Bisker v. Nationsbank, N.A.

686 A.2d 561, 31 U.C.C. Rep. Serv. 2d (West) 851, 1996 D.C. App. LEXIS 276, 1996 WL 732072
CourtDistrict of Columbia Court of Appeals
DecidedDecember 19, 1996
Docket95-CV-1782
StatusPublished
Cited by3 cases

This text of 686 A.2d 561 (Bisker v. Nationsbank, N.A.) is published on Counsel Stack Legal Research, covering District of Columbia Court of Appeals primary law. Counsel Stack provides free access to over 12 million legal documents including statutes, case law, regulations, and constitutions.

Bluebook
Bisker v. Nationsbank, N.A., 686 A.2d 561, 31 U.C.C. Rep. Serv. 2d (West) 851, 1996 D.C. App. LEXIS 276, 1996 WL 732072 (D.C. 1996).

Opinion

FARRELL, Associate Judge:

This appeal concerns the refusal of a bank which issued a letter of credit to honor a demand for payment by the beneficiary because a principal document accompanying the demand was not in compliance with the terms of the letter of credit. We join the broad majority of courts in concluding that strict compliance is necessary in this unique setting. As the compliance here did not meet that standard, we hold that the bank breached no contractual or other duty to appellant in refusing to honor presentment.

I.

In 1985, appellant (Bisker) entered an agreement with Beer Distributing Company (BDC) to sell BDC his interest in American-Potomac Distributing Company (AP). Bisker received a promissory note from-BDC which was guaranteed by Stanley S. Bender. In exchange, Bisker relinquished his 50% interest in AP to BDC; his shares were to be escrowed until payment of the note. In 1987, a new agreement replaced the earlier one. Bisker relinquished his right to hold the AP stock in escrow, as well as the personal guarantee of Bender. In return, Bisker received Irrevocable Letter of Credit No. 1791(LOC) issued by Sovran Bank/DC National, the predecessor in interest of appellee NationsBank. Bisker was also to receive a new promissory note in the amount of $800,000 which was non-recourse and secured exclusively by the LOC. The note was executed on May 22, 1987, by Bender as maker on behalf of BDC. On or about that same day, Bisker received what he believed was the original of the note, but in fact was a photocopy. 1 The LOC, *563 however, required by its express terms that demand for payment on the credit must be accompanied by, inter alia, “1. Original of the promissory note executed May 22nd, 1987, (‘the Promissory Note’).”

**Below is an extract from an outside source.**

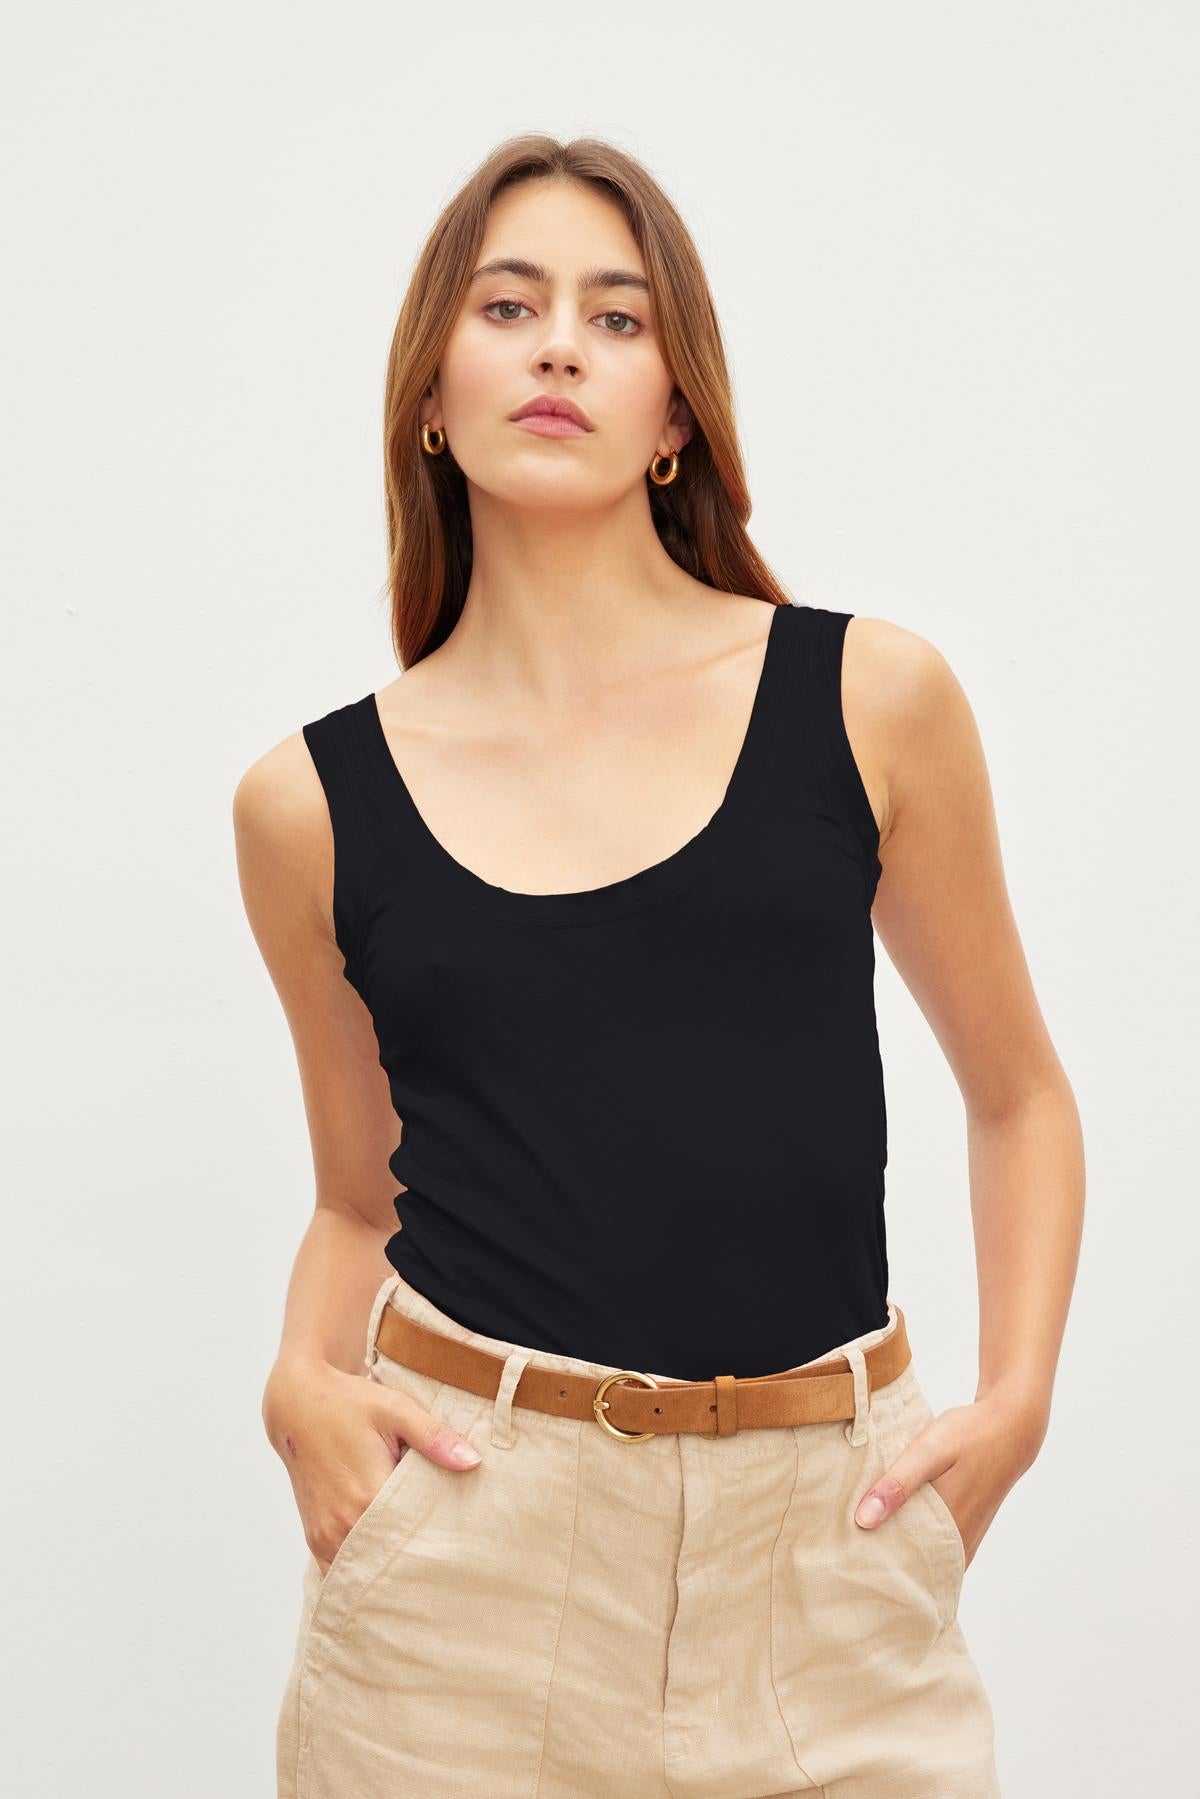 A young woman in a Velvet by Graham & Spencer MOSSY GAUZY WHISPER FITTED TANK and beige trousers with a brown belt, standing against a plain background.-36454076481729

When payment on the final balloon installment of the note was not made as promised, Bisker, on July 10, 1995, demanded payment on the LOC by NationsBank in the amount of $595,853.71, representing the outstanding principal, interest and late penalties due. NationsBank refused the demand, asserting that the presentment did not meet the terms of the LOC because, among other things, the promissory note accompanying the demand was not the original note but instead a duplicate photocopy. After Bisker confirmed this fact through an expert document examiner, Bender, the original signator, re-signed the copy of the note just above his previous signature. On August 14, 1995, Bisker resubmitted the LOC along with the re-executed note, but NationsBank again refused the demand stating: “Original of the promissory note executed on May 22, 1987, not presented.” 2

Bisker filed suit in Superior Court alleging breach of contract and breach of the implied covenants of good faith and fair dealing by NationsBank. On November 20,1995, Judge Hamilton granted NationsBank’s motion to dismiss on the ground that it failed to state a claim upon which relief could be granted. The judge explained:

This court has applied the rule of strict compliance as set forth in Washington Fed. Sav. & Loan v. Prince George’s Cty., 80 Md.App. 142, 143, 560 A.2d 585 [582], 583, cert. denied, 317 Md. 641, 566 A.2d 102 (1989). Moreover, the court finds Vanden Brul v. MidAmerican Bk. & Trust, 820 F.Supp. 1311 (D.Kan.1993) dis-positive.[ 3 ]

II.

The issue of first impression in this jurisdiction presented by this case is whether something less than strict compliance by the beneficiary with the terms of a letter of credit is enough to require the issuing bank to honor a demand for payment. Recognizing, as have the courts and commentators, the unique role of this “quick, efficient, inexpensive” tool in commercial transactions, LeaseAmerica Corp. v. Norwest Bank Duluth, 940 F.2d 345, 349 n.4 (8th Cir.1991) (citation omitted), we hold that strict compliance as defined below is required. The essential features and purposes of a letter of credit dictate that answer.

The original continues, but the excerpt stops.